Re: GiST for range types (was Re: Range Types - typo + NULL string constructor) - Mailing list pgsql-hackers

From Alexander Korotkov
Subject Re: GiST for range types (was Re: Range Types - typo + NULL string constructor)
Date
Msg-id CAPpHfds5M21x4idTOO4gYyPEu3B0JBtUqX2srTDPa4dDNT3UyQ@mail.gmail.com
Whole thread Raw
In response to Re: GiST for range types (was Re: Range Types - typo + NULL string constructor)  (Alexander Korotkov <aekorotkov@gmail.com>)
Responses Re: GiST for range types (was Re: Range Types - typo + NULL string constructor)
List pgsql-hackers
New version of GiST for range types patch is here. This version seems to be complete and ready for review.

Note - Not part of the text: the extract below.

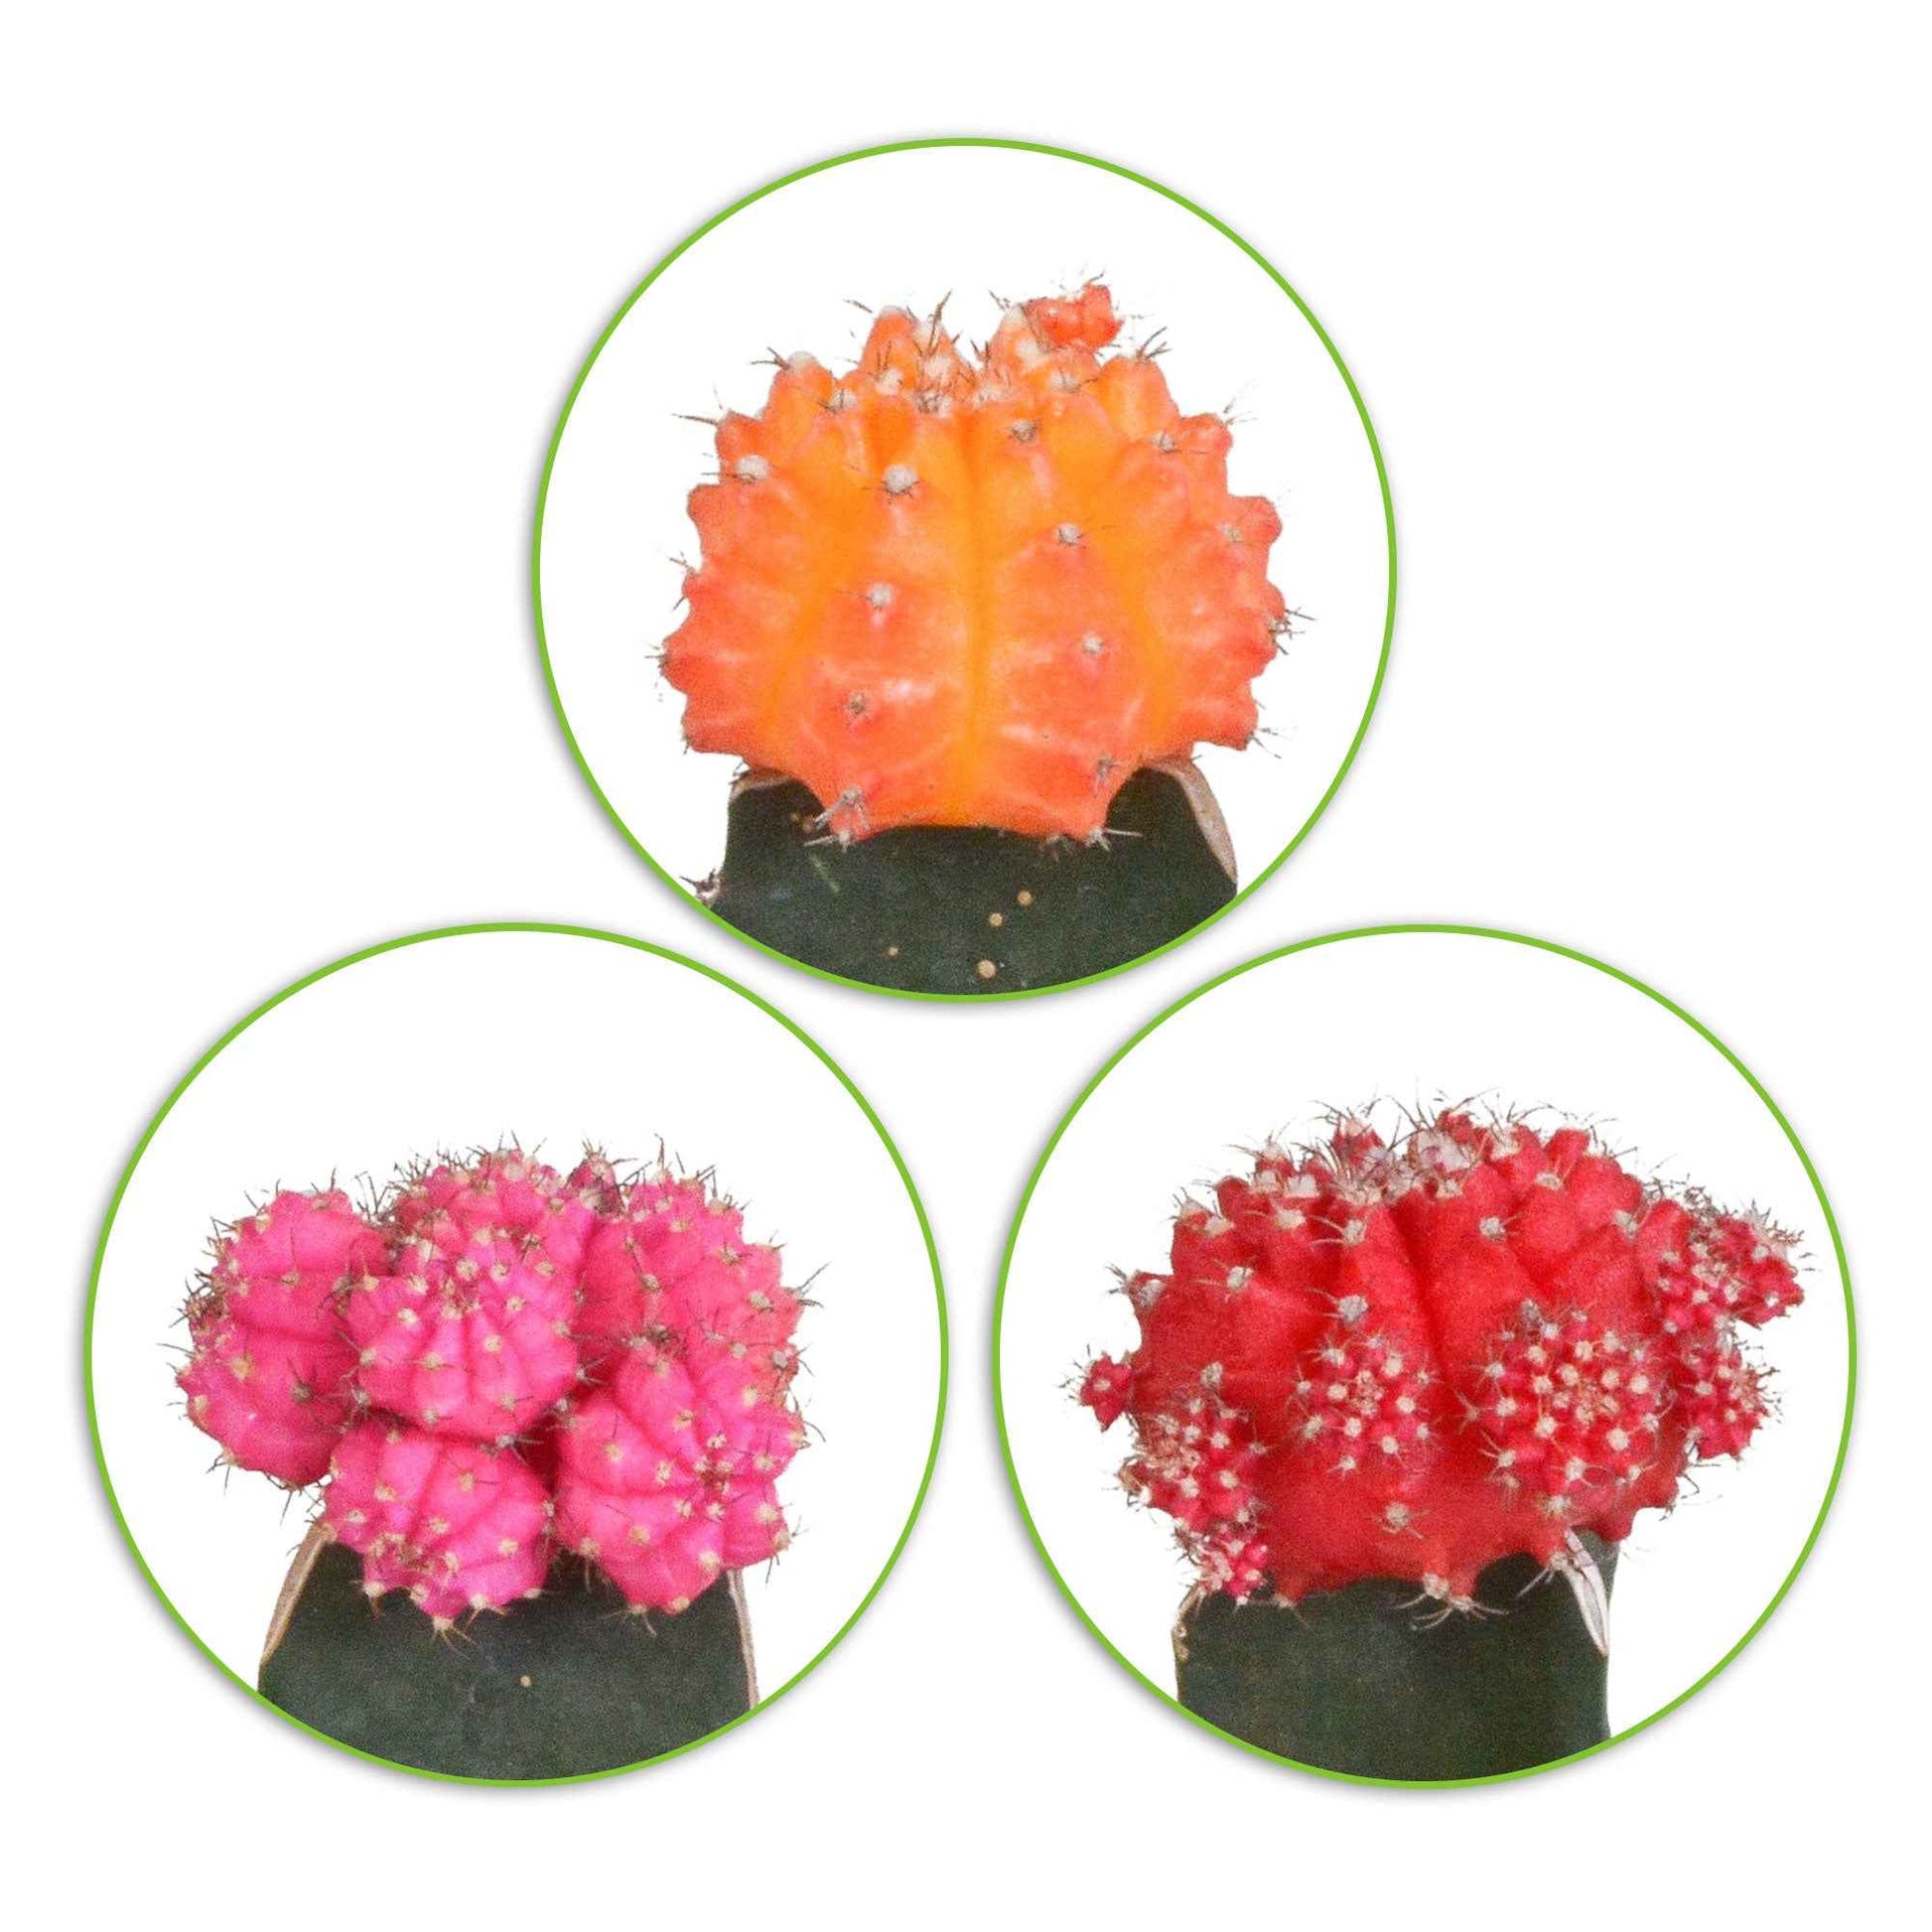 ontsmettingsmiddel overdrijven als Koop nu kamerplant 3 Cactus Gymnocalycium mihanovichii Rood-Oranje-Roze |  Bakker.com

Main features of this patch are:
1) Different handling of empty ranges. Problem of "column <@ const" acceleration is that all empty ranges satisfies to it. It's because empty range can be anywhere in the tree, because empty range is contained in any range. My solution is to use additional bit in range flags especially for GiST. This bit means that internal range have underlying empty ranges. This approach allows to accelerate "column <@ const" case and also fast search for empty ranges. 
2) Penalty and picksplit methods are trying not to mix ordinal ranges with special cases ((-inf;x), (x; +inf), (-inf, +inf) and empty). Picksplit divides ranges to classes (see get_gist_range_class for details). If several classes are presented in input vector, split will be between classes. If we have only one class, picksplit method splits ranges using double sorting split for ordinal ranges, and simple sorting split for (-inf,x) and (x,+inf) cases.

Questions:
1) I'm not sure about whether we need support of <> in GiST, because it always produces full index scan (except search for non-empty ranges).
2) With no selectivity estimation functions we have no GiST index usage for &&, <@, @>. Possible temporarty solution is to create lower constant selectivity estimation like we have for geometric datatypes.

A little testing:
Let's create dataset with 1000 empty ranges, 1000 (-inf, x) ranges, 1000 (x, inf) ranges, 1000 (-inf, + inf) ranges and 1000000 ordinal ranges and mix them.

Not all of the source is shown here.